- WHAT IS NEEDED:
Give the data again exactly as written, without any of its pictures.

- DATA EXTRACT:
★ ★ ★ ★
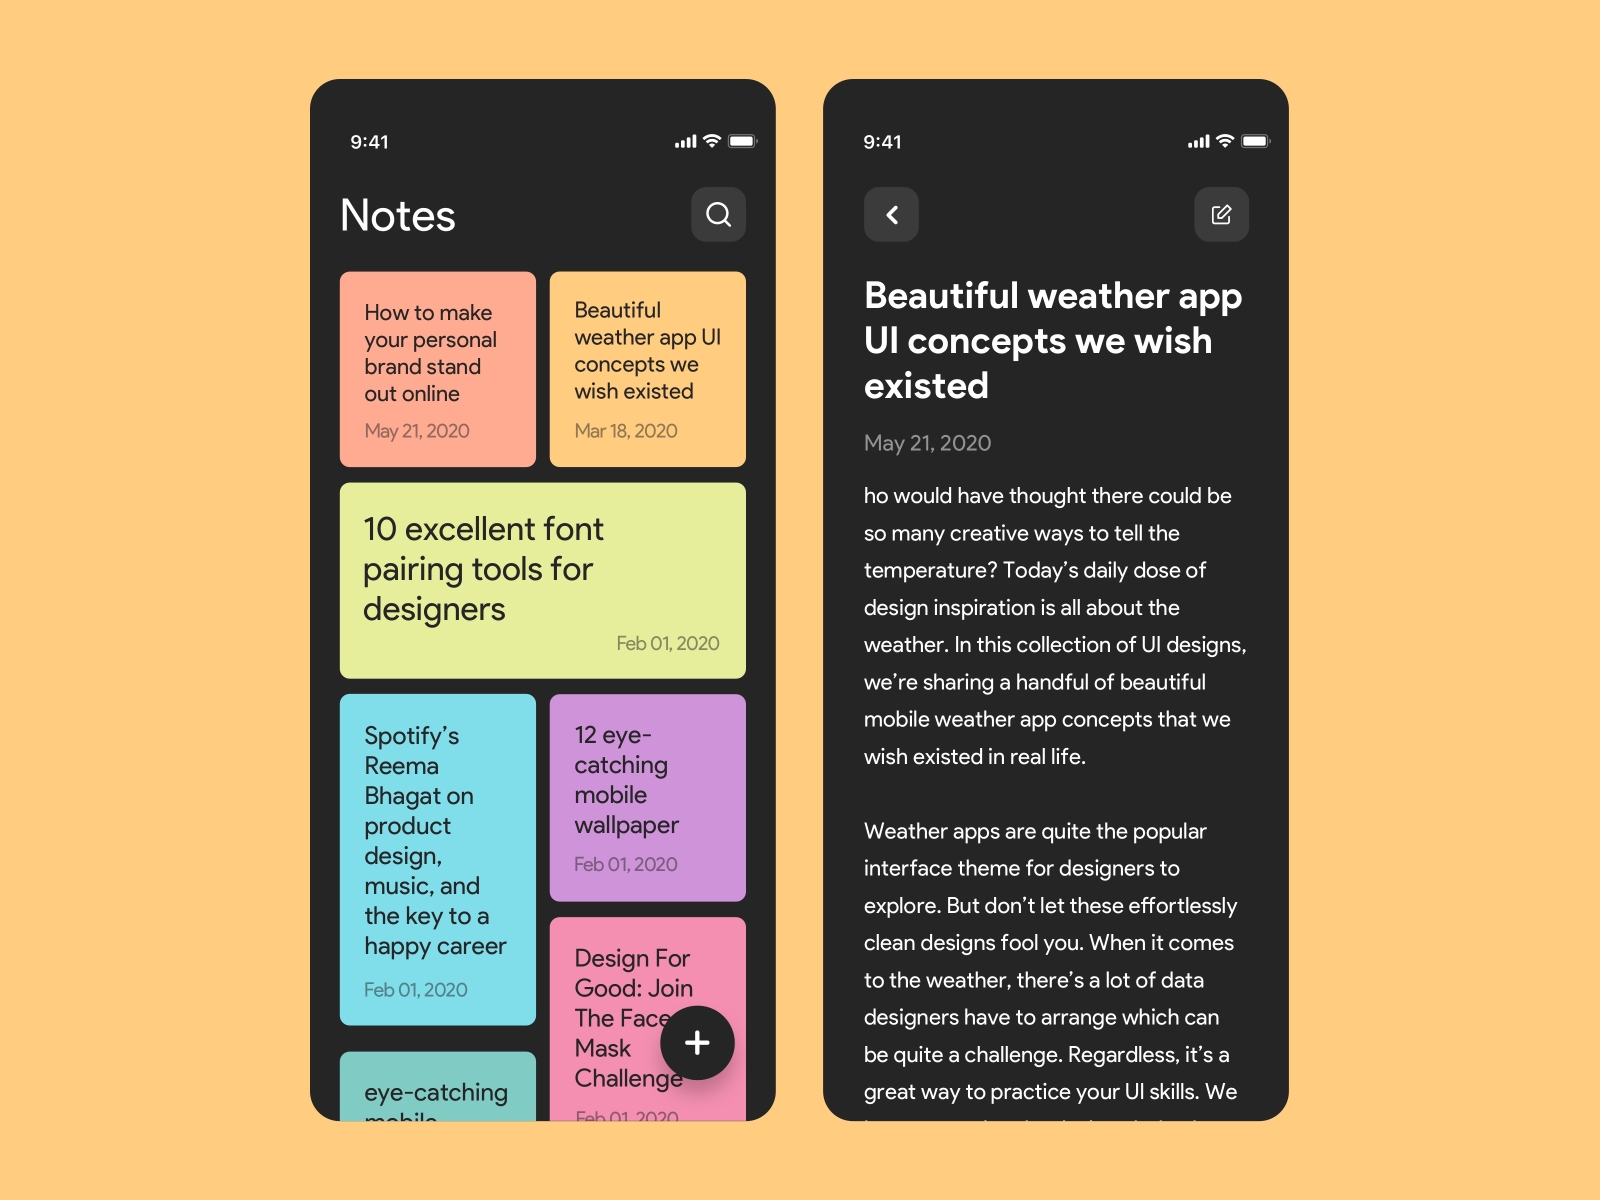 download simple notes app for windows
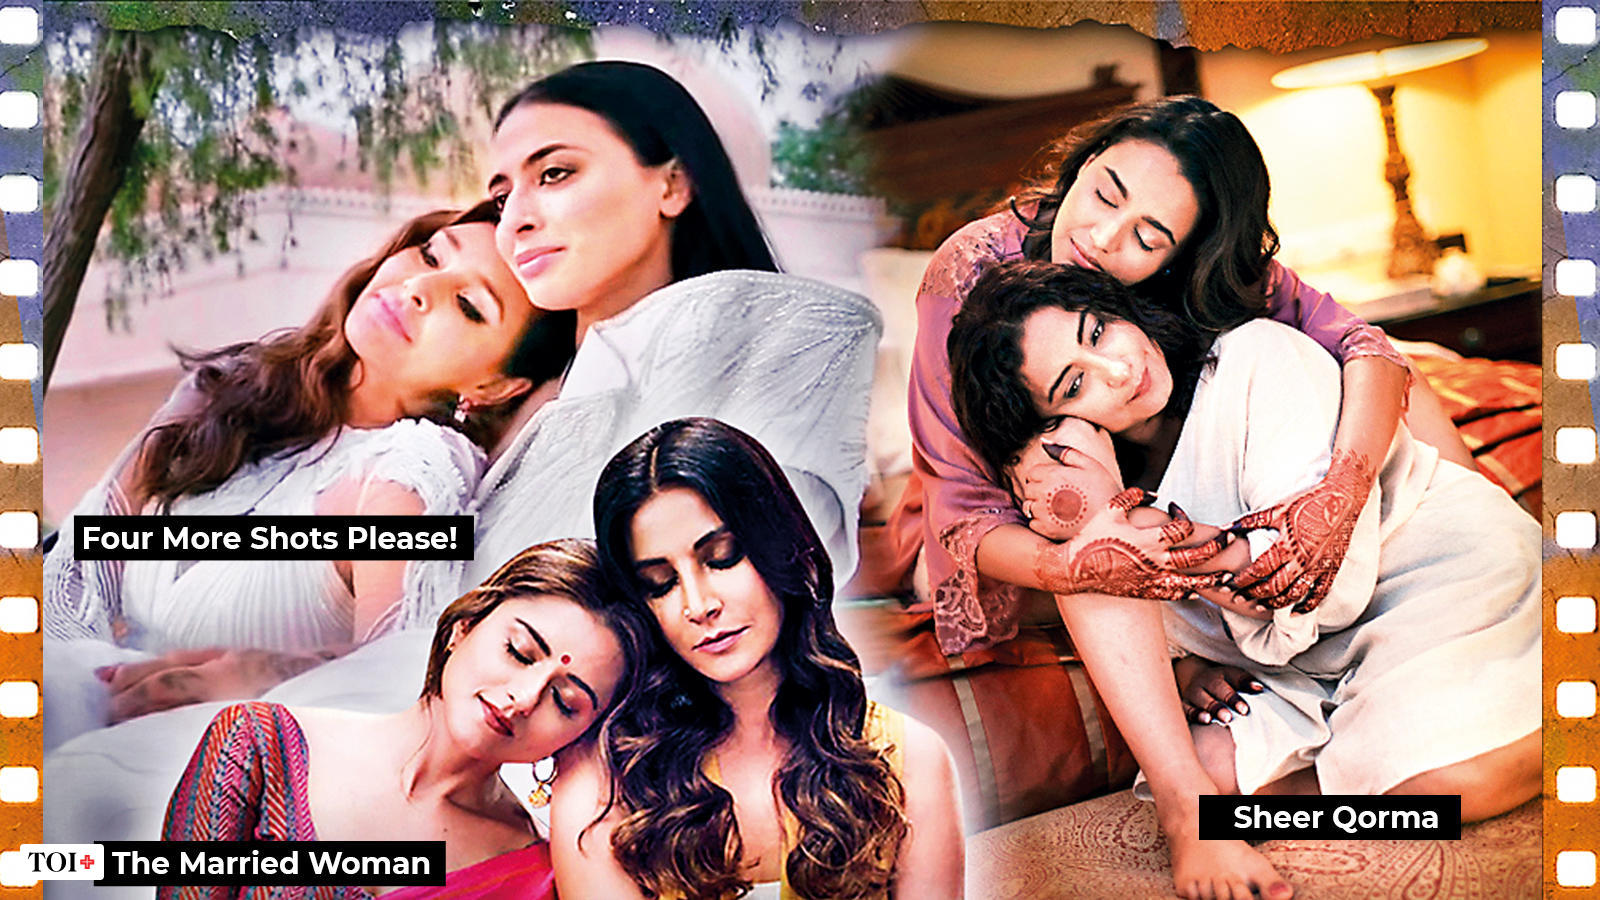 Lesbian love stories are blossoming on screen India News pic
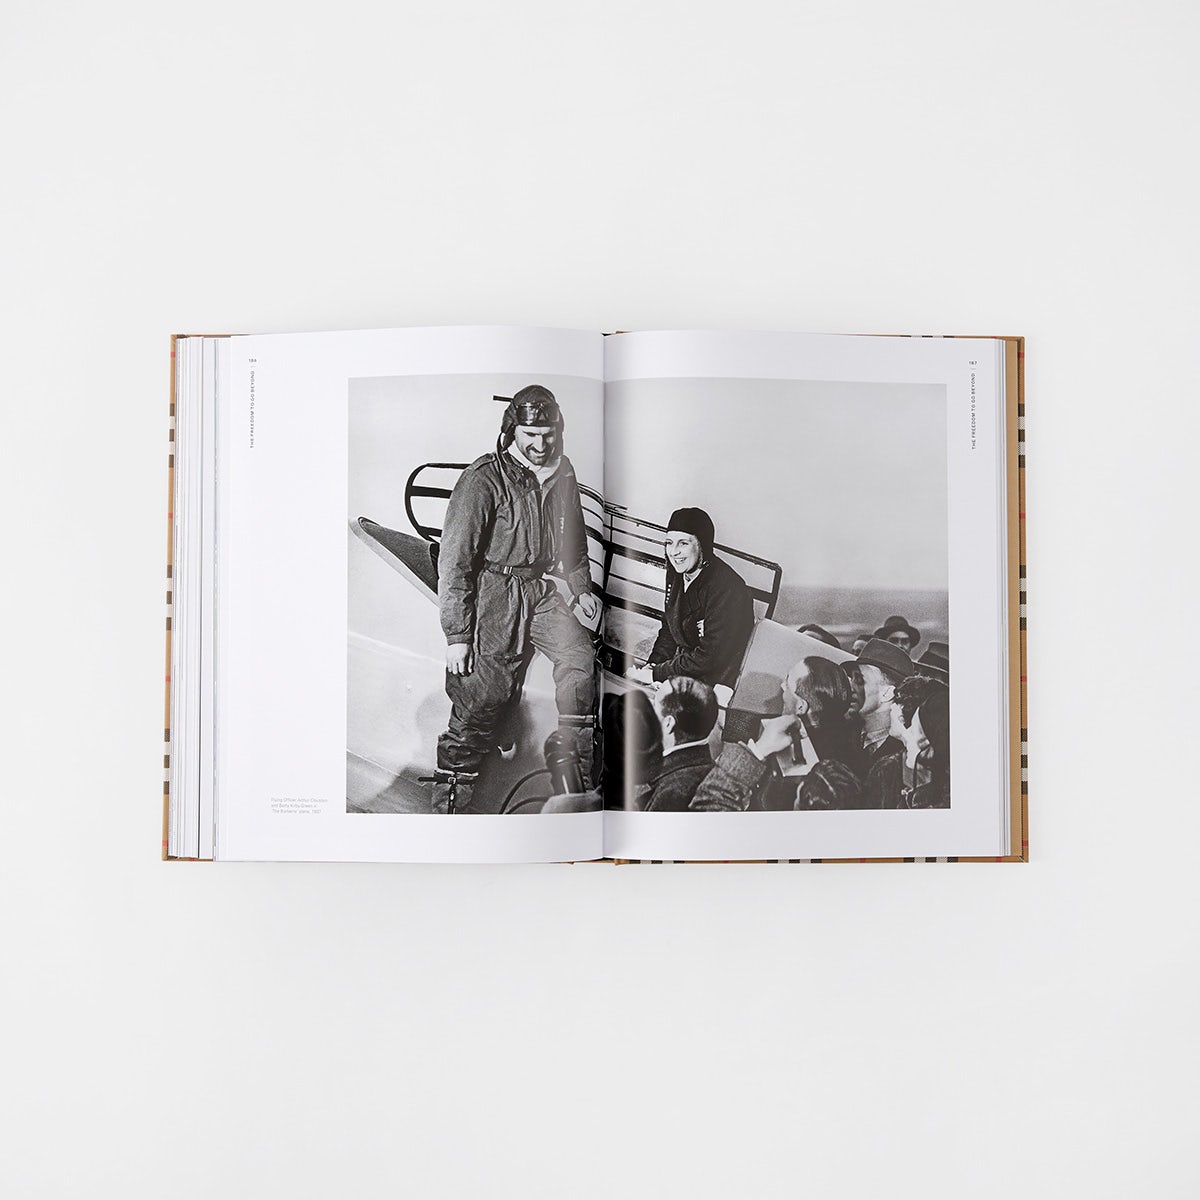 Image shows spreads from the new Burberry book
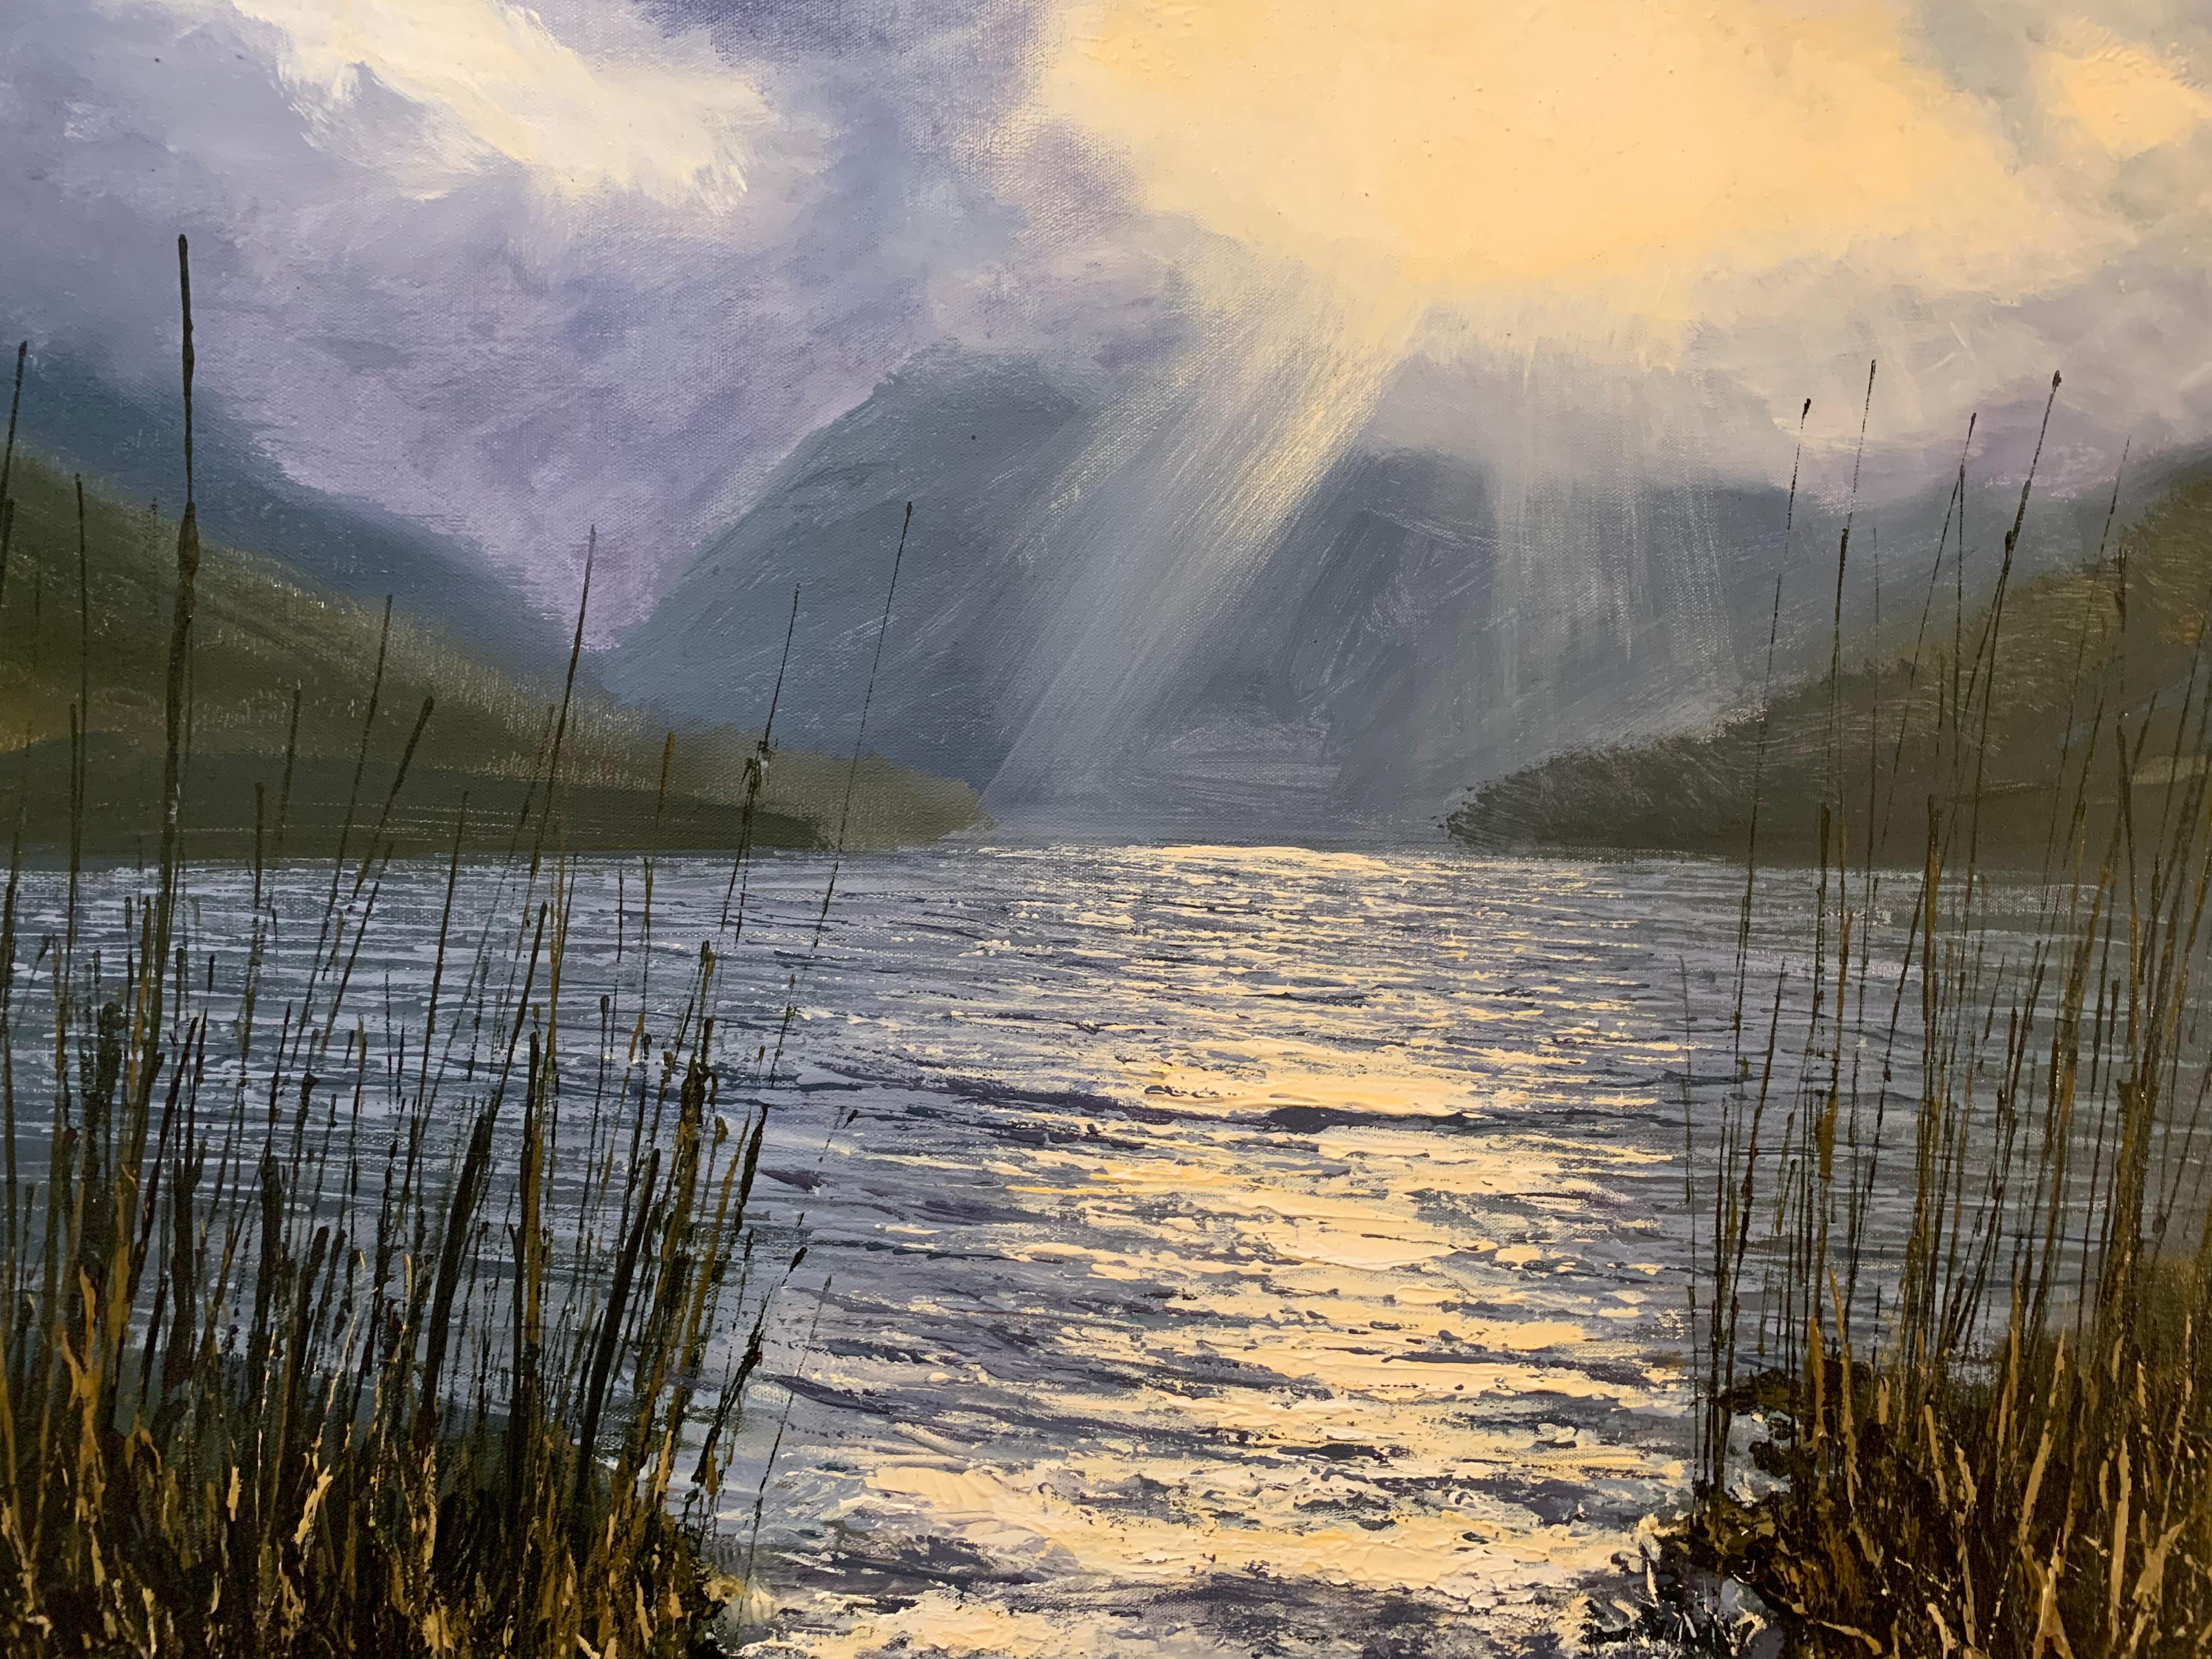 This oil painting is a vivid interpretation of dramatic light reflecting on Lake Buttermere in the Lake District, by British En Plein Air Artist Colin Halliday. He captures the shimmering reflections beautifully by a controlled use of texture,
★ ★ ★ ★
- RESULT OF THIS TASK:
 download simple notes app for windows
 Lesbian love stories are blossoming on screen India News pic
 Image shows spreads from the new Burberry book
 This oil painting is a vivid interpretation of dramatic light reflecting on Lake Buttermere in the Lake District, by British En Plein Air Artist Colin Halliday. He captures the shimmering reflections beautifully by a controlled use of texture,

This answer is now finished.